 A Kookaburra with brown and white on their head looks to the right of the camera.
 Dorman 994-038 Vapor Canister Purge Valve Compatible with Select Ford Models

---

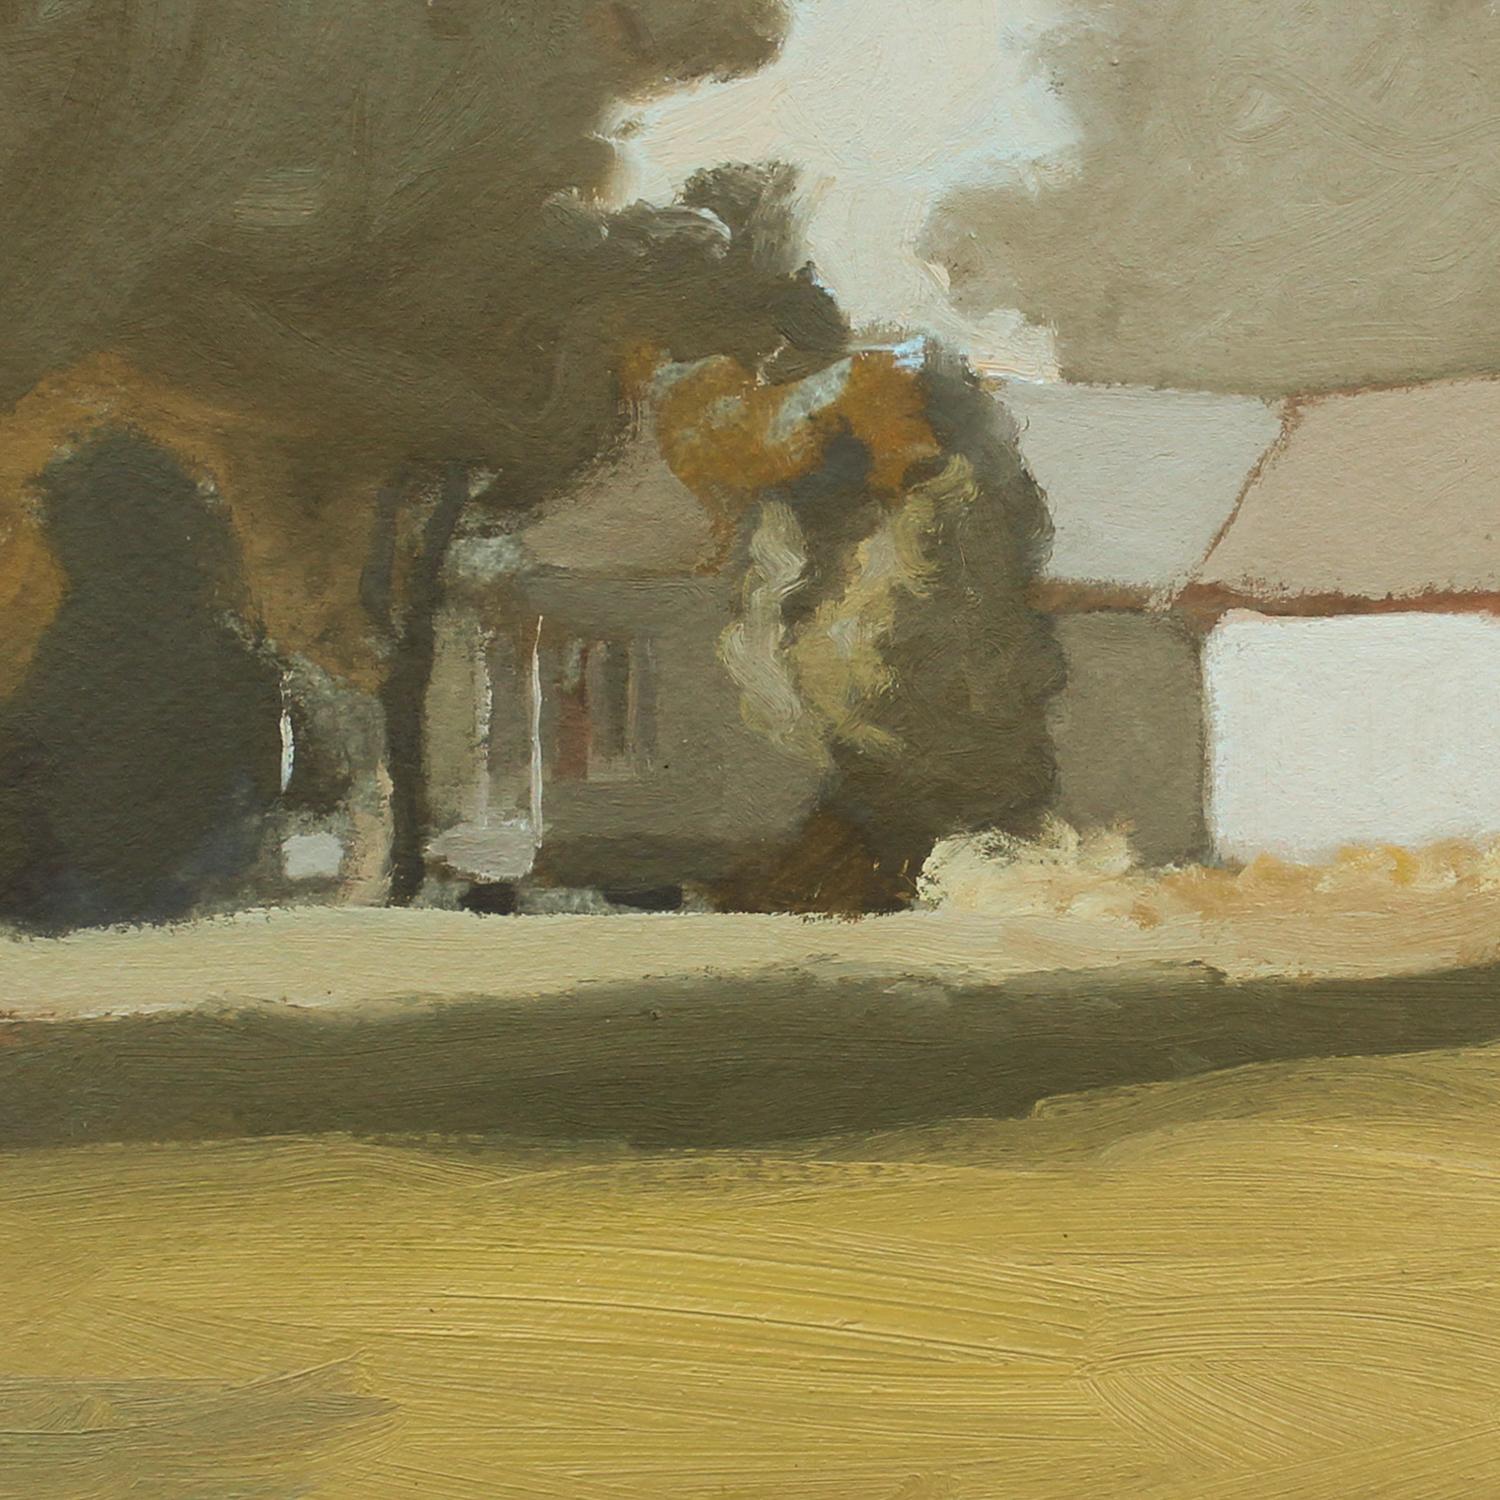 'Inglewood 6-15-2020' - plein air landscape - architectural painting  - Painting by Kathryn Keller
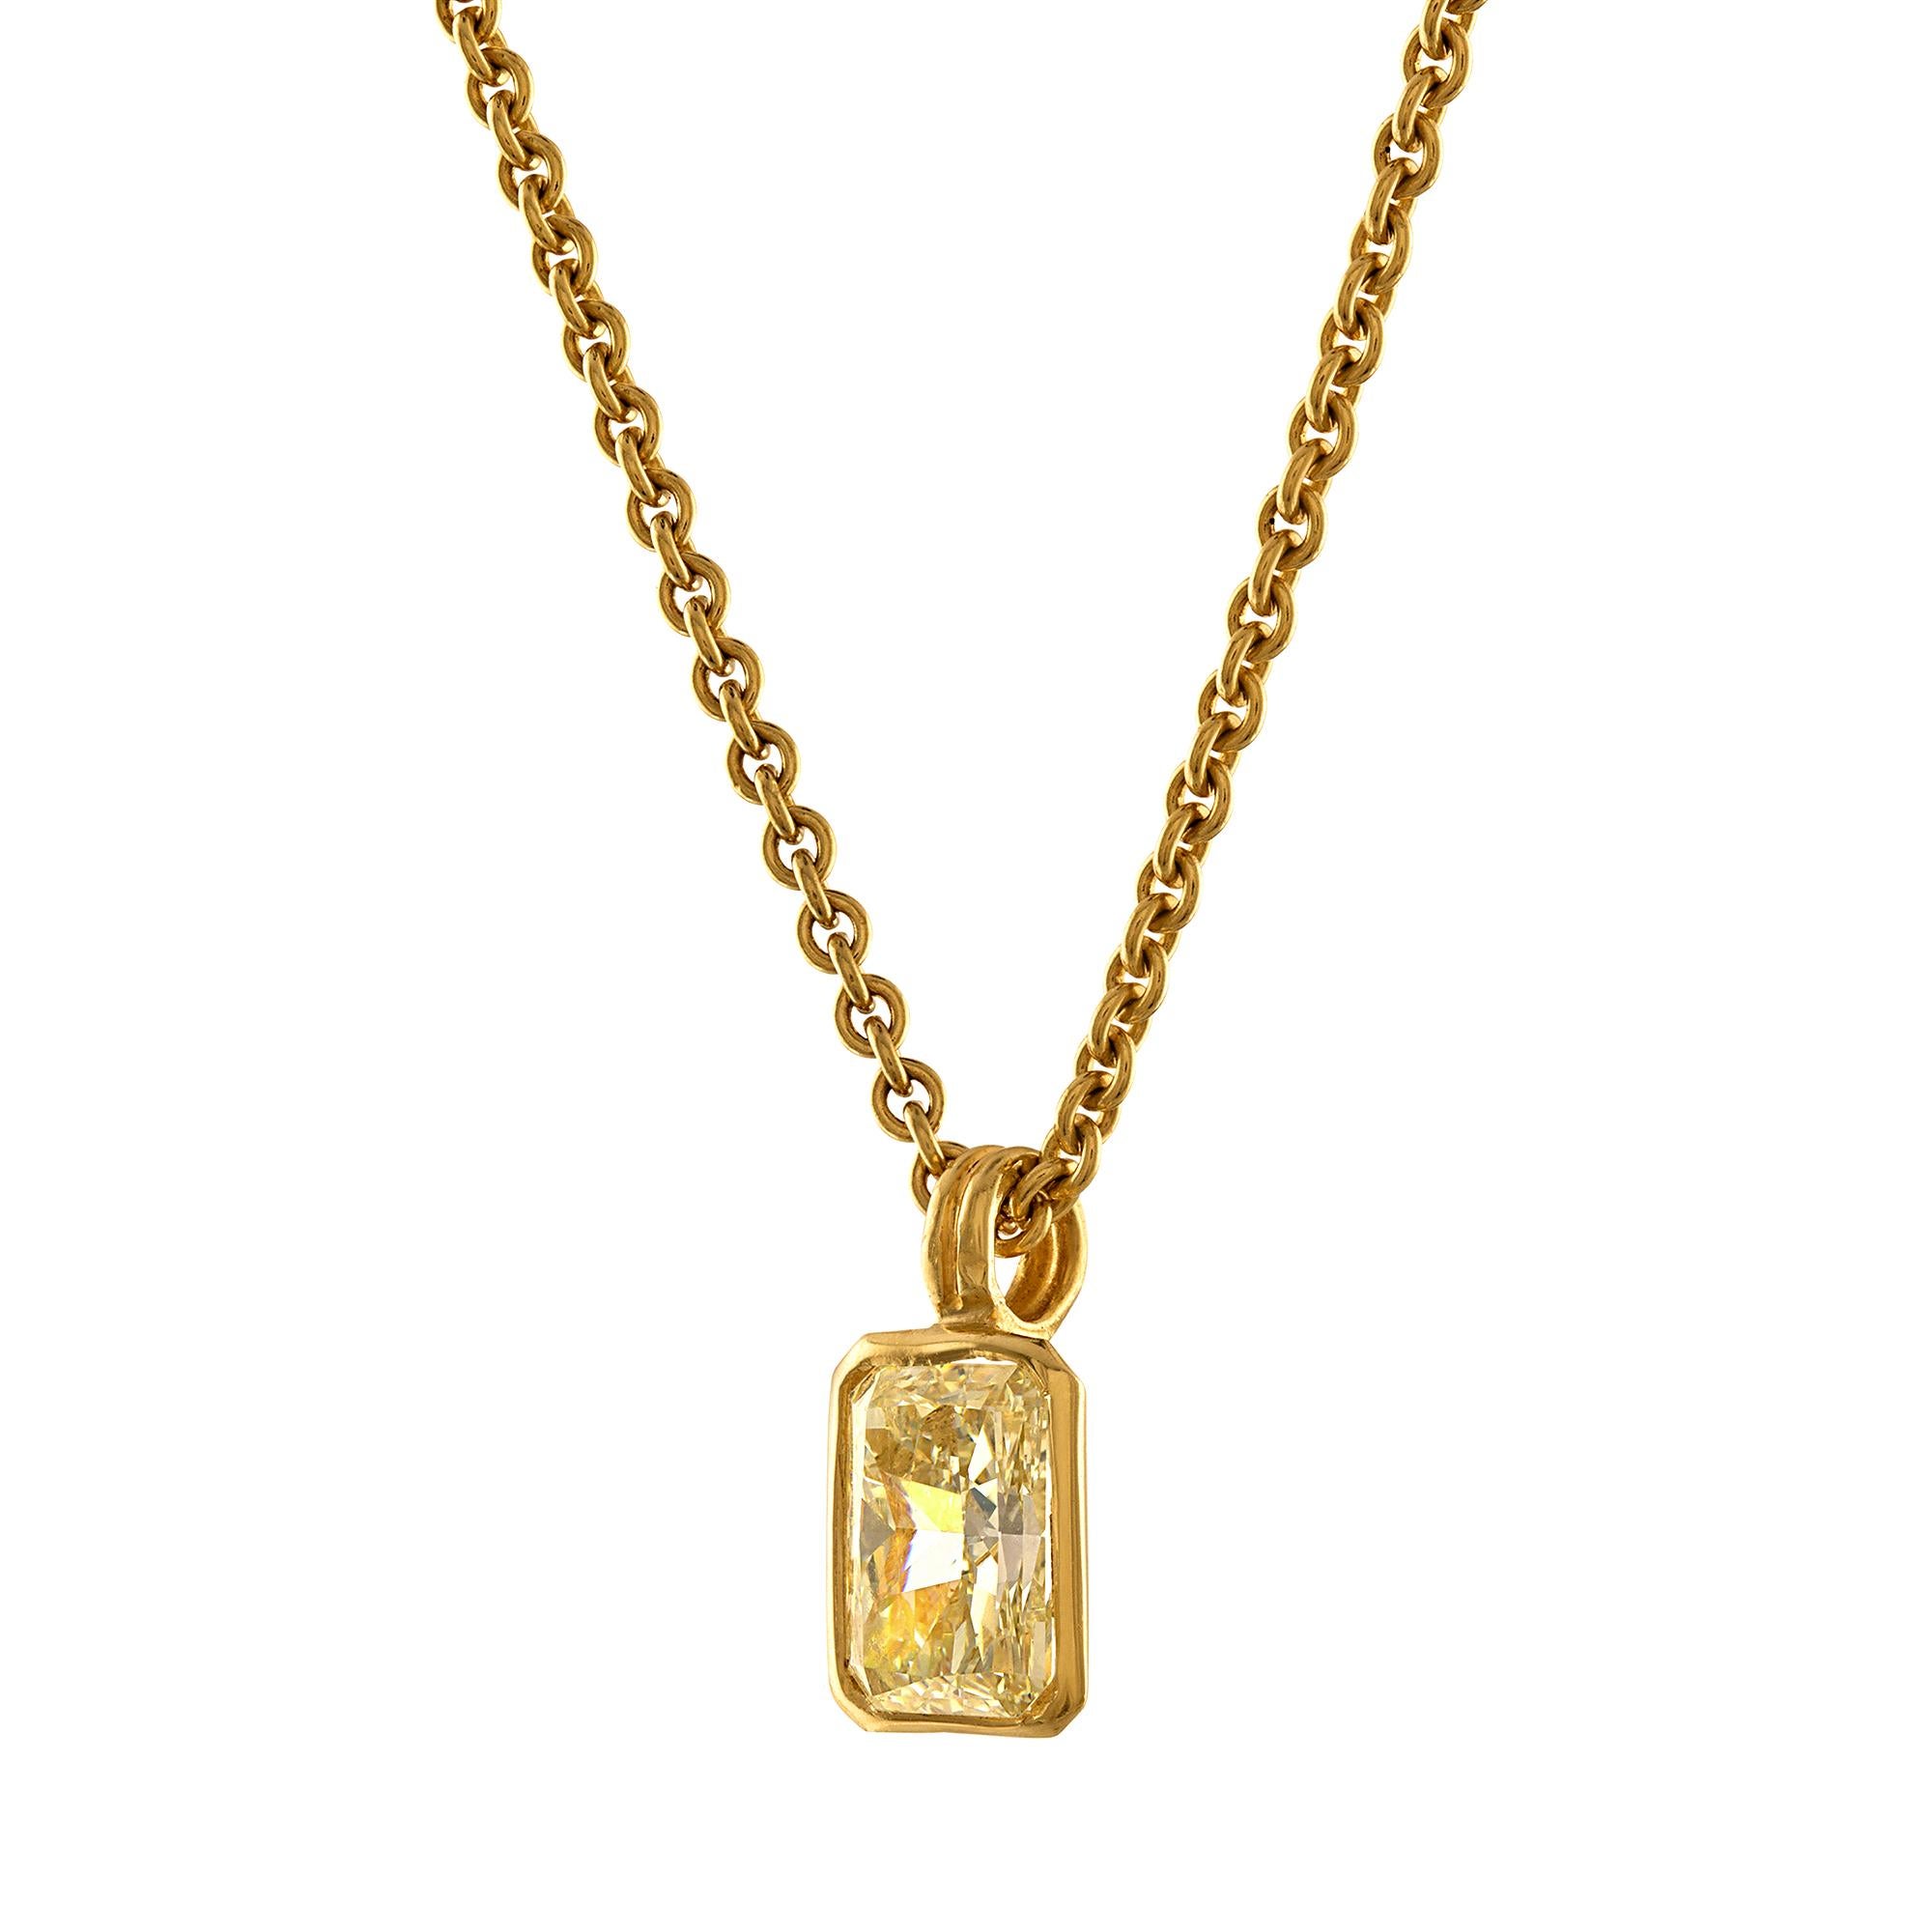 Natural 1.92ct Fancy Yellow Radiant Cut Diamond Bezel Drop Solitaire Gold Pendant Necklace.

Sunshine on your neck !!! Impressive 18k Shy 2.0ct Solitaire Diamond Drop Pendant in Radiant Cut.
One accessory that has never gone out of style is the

---

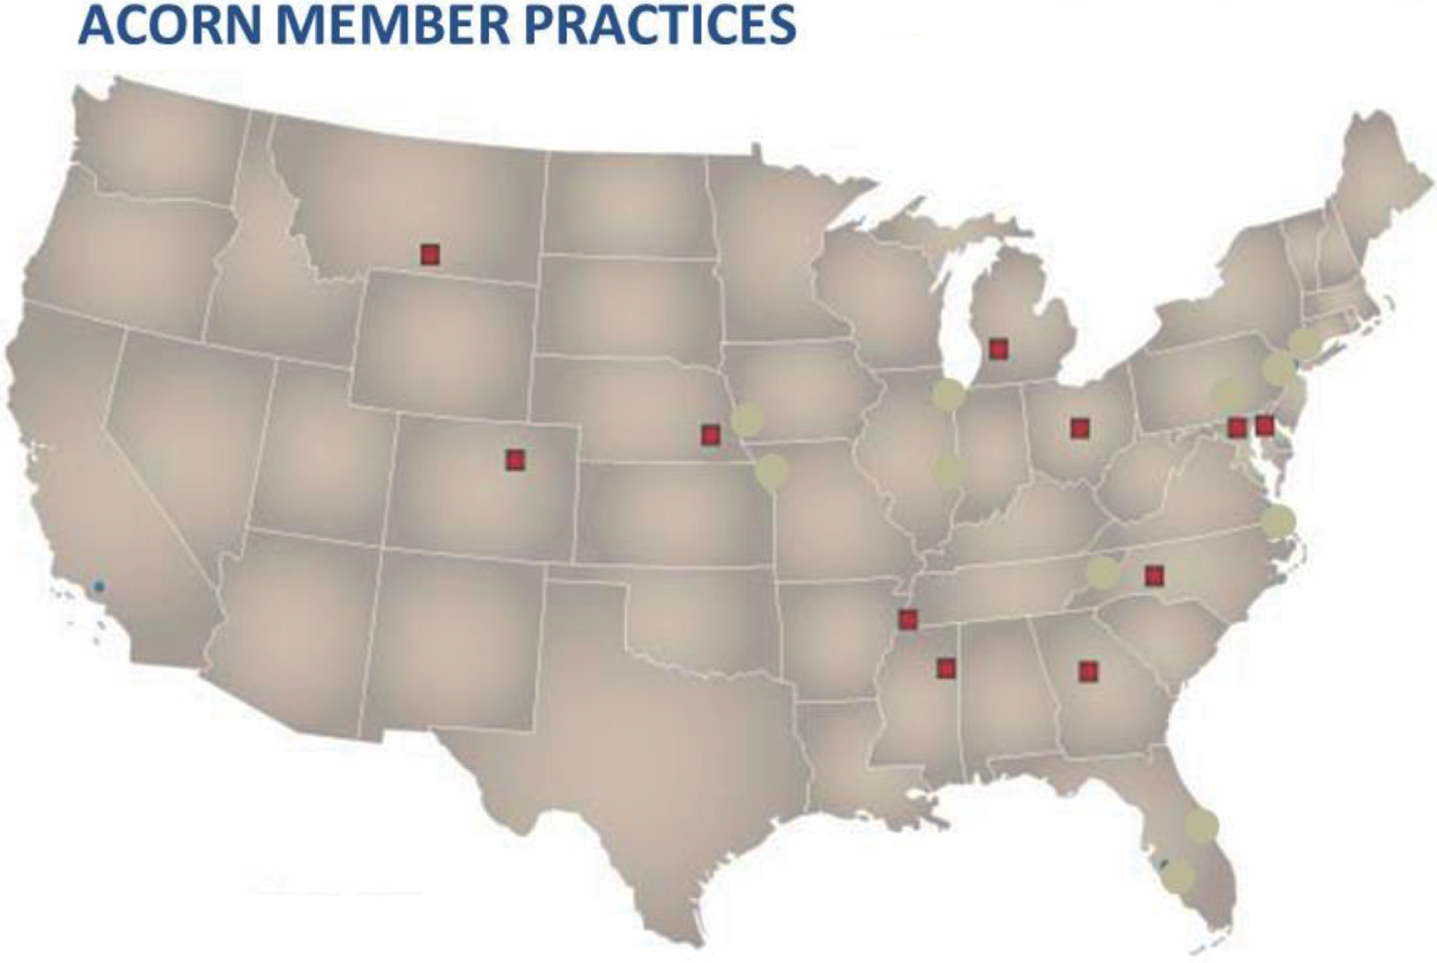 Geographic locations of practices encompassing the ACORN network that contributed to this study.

### Problem
In the listing above, find the line with "A Kookaburra with" and the line with "Dorman 994-038 Vapor"; output exactly those lines and all lines between them.

### The answer
 A Kookaburra with brown and white on their head looks to the right of the camera.
 Dorman 994-038 Vapor Canister Purge Valve Compatible with Select Ford Models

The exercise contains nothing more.